Solana: SIM splits EVM and Solana into separate endpoint families (Solana lives at /beta/svm/... with a different schema) and only exposes raw RPC-style Solana transactions, no enriched activity. Zerion accepts Solana addresses on the same /wallets/{address}/... endpoints used for EVM, and returns the same enriched activity shape (operation_type, transfers[], fee) for both chains. DeFi positions are not yet supported for Solana.
Pagination: SIM returns next_offset; Zerion returns a fully-formed links.next URL you can fetch as-is. See pagination.
Response shape: Zerion uses JSON:API. Payloads live under data[].attributes with related entities under data[].relationships.
Spam filtering: SIM has exclude_spam_tokens; Zerion uses filter[trash]=only_non_trash. See spam filtering for the full taxonomy.
One endpoint for wallet and DeFi: Zerion serves both wallet tokens and DeFi positions from /positions/. Switch via filter[positions]=only_simple (wallet only) or only_complex (DeFi only).
Stablecoin filter: SIM has asset_class=stablecoin.
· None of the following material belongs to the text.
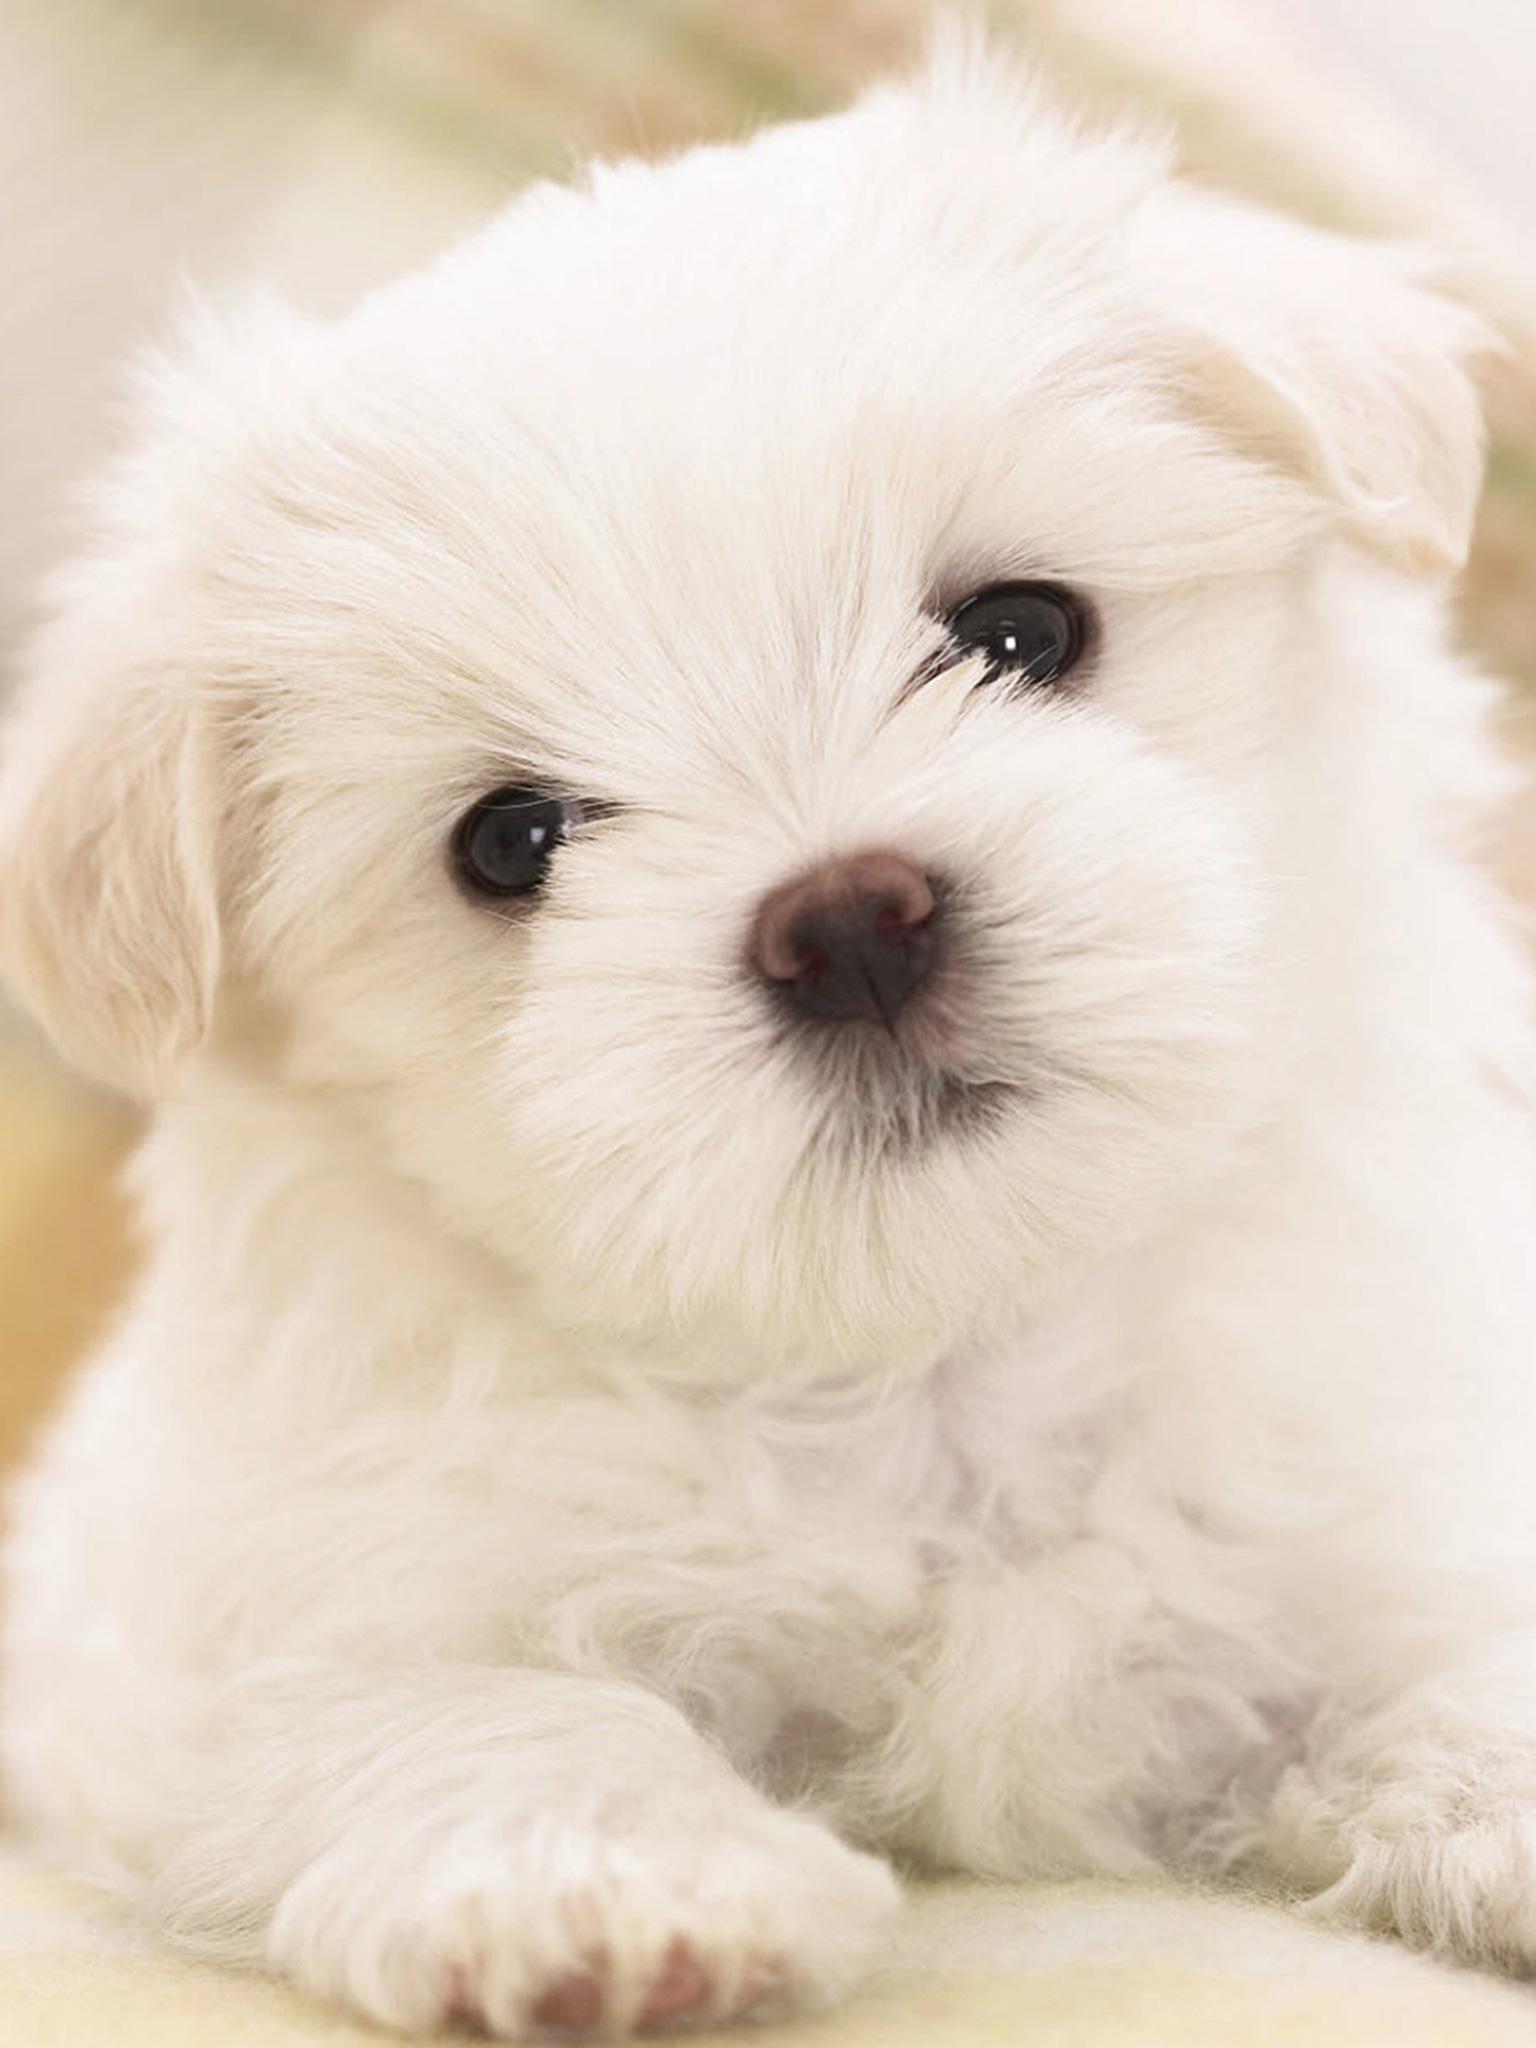 Cute White Dog Wallpapers - Top Những Hình Ảnh Đẹp
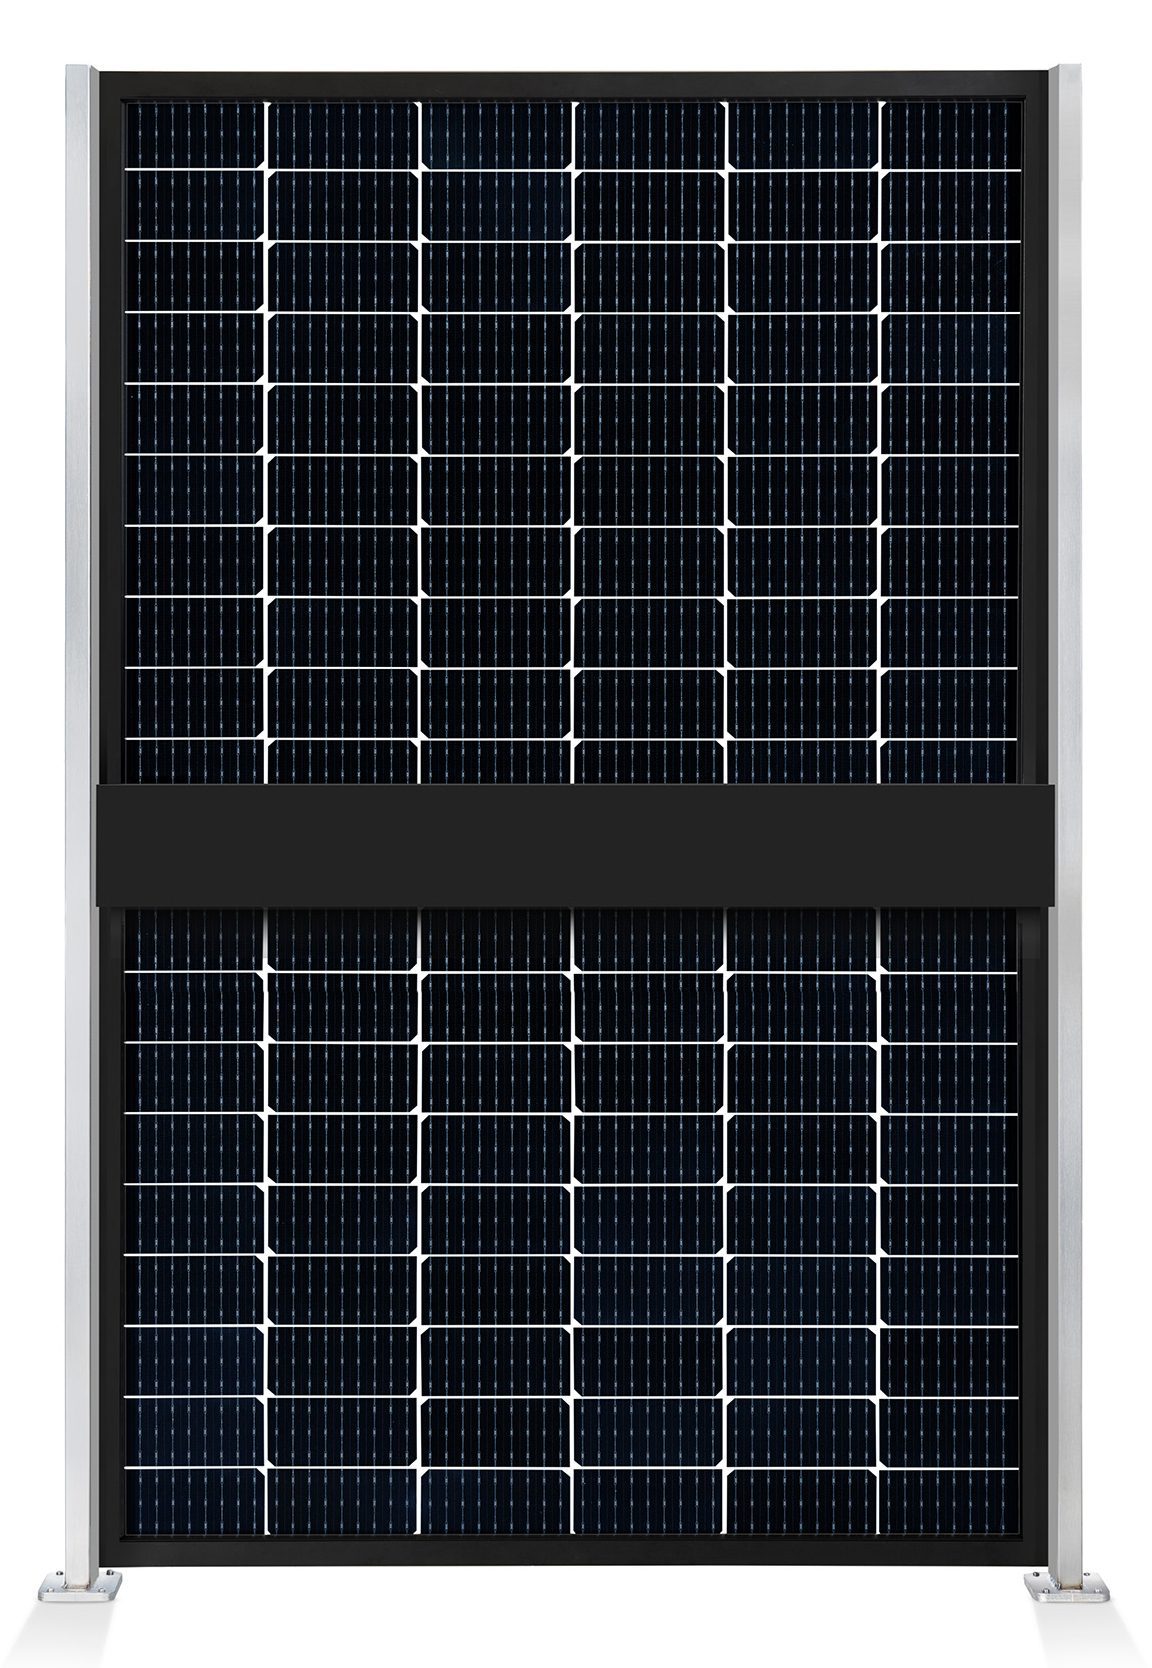 ausschnitt_0000_element-solar-sichtschutz-pv-photovoltaik-zaun-collection-hutter-panel-transparent-pfosten-edelstahl-rue.jpg

Zerion requires a comma-separated filter[fungible_ids]=… list. See the stablecoins note above.
Supply / borrow split: Some SIM DeFi positions split a single lending position into separate supply and borrow rows. Zerion returns one row per position with position_type and the underlying token; reconstruct directions from quantity sign or position_type semantics.
LP tick ranges and VeNFT lock metadata: SIM exposes raw LP tick ranges and vote-escrow lock dates. Zerion abstracts these away and surfaces the position’s USD value, underlying token, and protocol module.
Pool size / low liquidity flags: SIM provides per-token pool_size and low_liquidity flags. Zerion’s spam classifier filters dust via filter[trash], but does not expose a numeric pool size.